From: Jeff King @ 2015-06-19  3:54 UTC (permalink / raw)
  To: Patrick Palka; +Cc: Junio C Hamano, git

On Thu, Jun 18, 2015 at 05:23:56PM -0400, Jeff King wrote:

> +# Return the individual diff-able items of the hunk, but with any
> +# diff or color prefix/suffix for each line split out (we assume that the
> +# prefix/suffix for each line will be the same).
> +sub split_hunk {
> +	my ($prefix, $suffix, @r);
> +	foreach my $line (@_) {
> +		$line =~ /^($COLOR*[+-]$COLOR*)(.*)($COLOR*)/
> +			or die "eh, this is supposed to match everything!";

This isn't quite right. We'll never match the suffix, because it gets
sucked up by the greedy (.*). But making that non-greedy matches
nothing, unless we also add "$" at the end.
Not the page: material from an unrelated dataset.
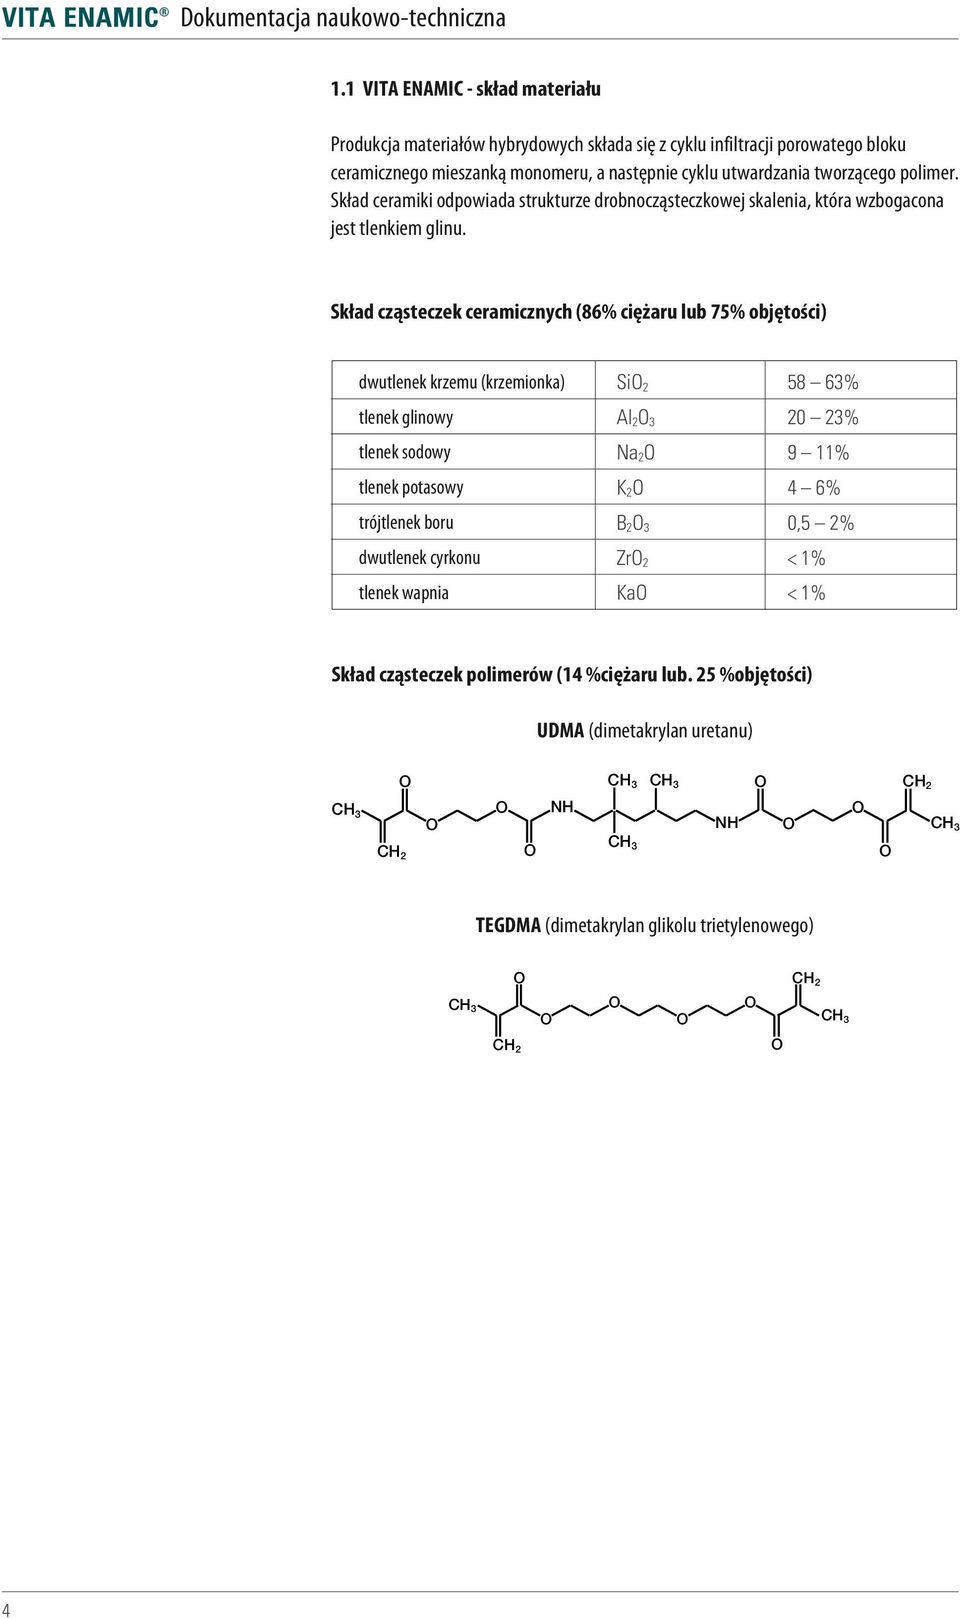 Skład cząsteczek ceramicznych (86% ciężaru lub 75% objętości) dwutlenek krzemu (krzemionka) tlenek glinowy tlenek sodowy tlenek potasowy trójtlenek boru dwutlenek cyrkonu tlenek wapnia SiO 2 Al 2 O 3
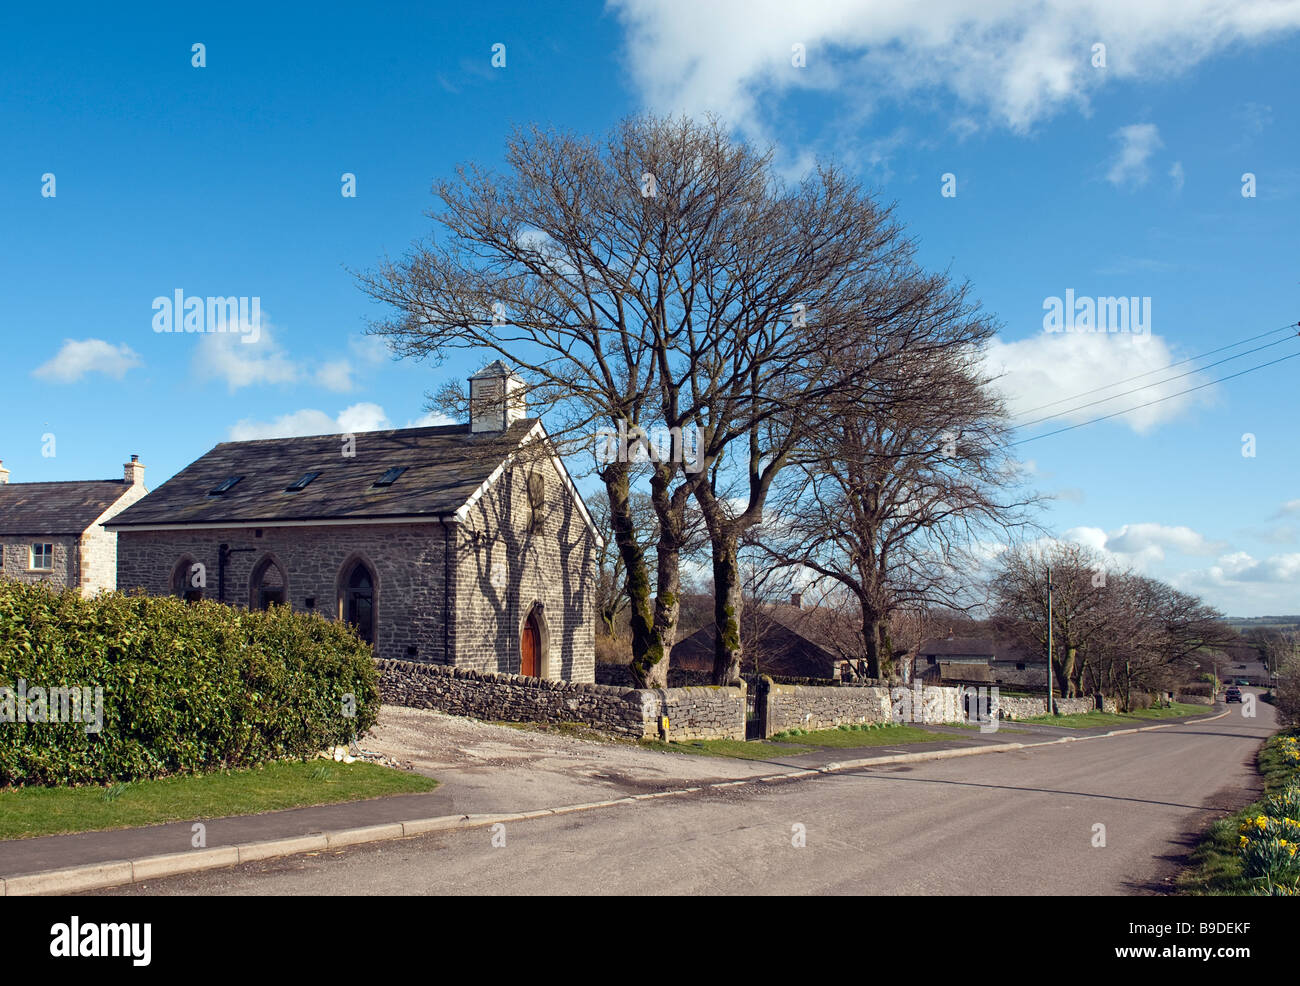 Ancienne église Unitarienne sur la route principale dans la région de Flagg, 'Peak District, Derbyshire, Angleterre, 'Grande-bretagne', 'Royaume-Uni' Banque D'Images

_But_, there is still something else weird going on. I replaced this
split:

> +		push @r, split(//, $2), "\n";

with:

  push @r, split(/([[:space:][:punct:]])/, $2), "\n";

which behaves much better. With that, 99a2cfb shows:

  -       <if> (!peel_ref(path, peeled)) {
  -               <is>_annotated = !!<hashcmp>(<sha1>, peeled);
  +       <if> (!peel_ref(path, peeled<.hash>)) {
  +               <is>_annotated = !!<oidcmp>(<oid>, <&>peeled);

The latter half of both lines looks perfect. But what's that weird
highlighting of the initial "if" and "is" on those lines?

It turns out that the colored output we produce is quite odd:

  $ git show --color 99a2cfb | grep peel_ref | cat -A
  ^[[31m-^Iif (!peel_ref(path, peeled)) {^[[m$
  ^[[32m+^[[m^I^[[32mif (!peel_ref(path, peeled.hash)) {^[[m$

For the pre-image, we print the color, the "-", and then the line data.
Makes sense.

For the post-image, we print the color, "+", a reset, then the initial
whitespace, then the color again!

So of course the diff algorithm says "hey, there's this weird color in
here". The original implementation of diff-highlight didn't care,
because it skipped leading whitespace and colors as "boring". But this
one cannot do that. It pulls the strict prefix out of each line (and it
must, because it must get the same prefix for each line of a hunk).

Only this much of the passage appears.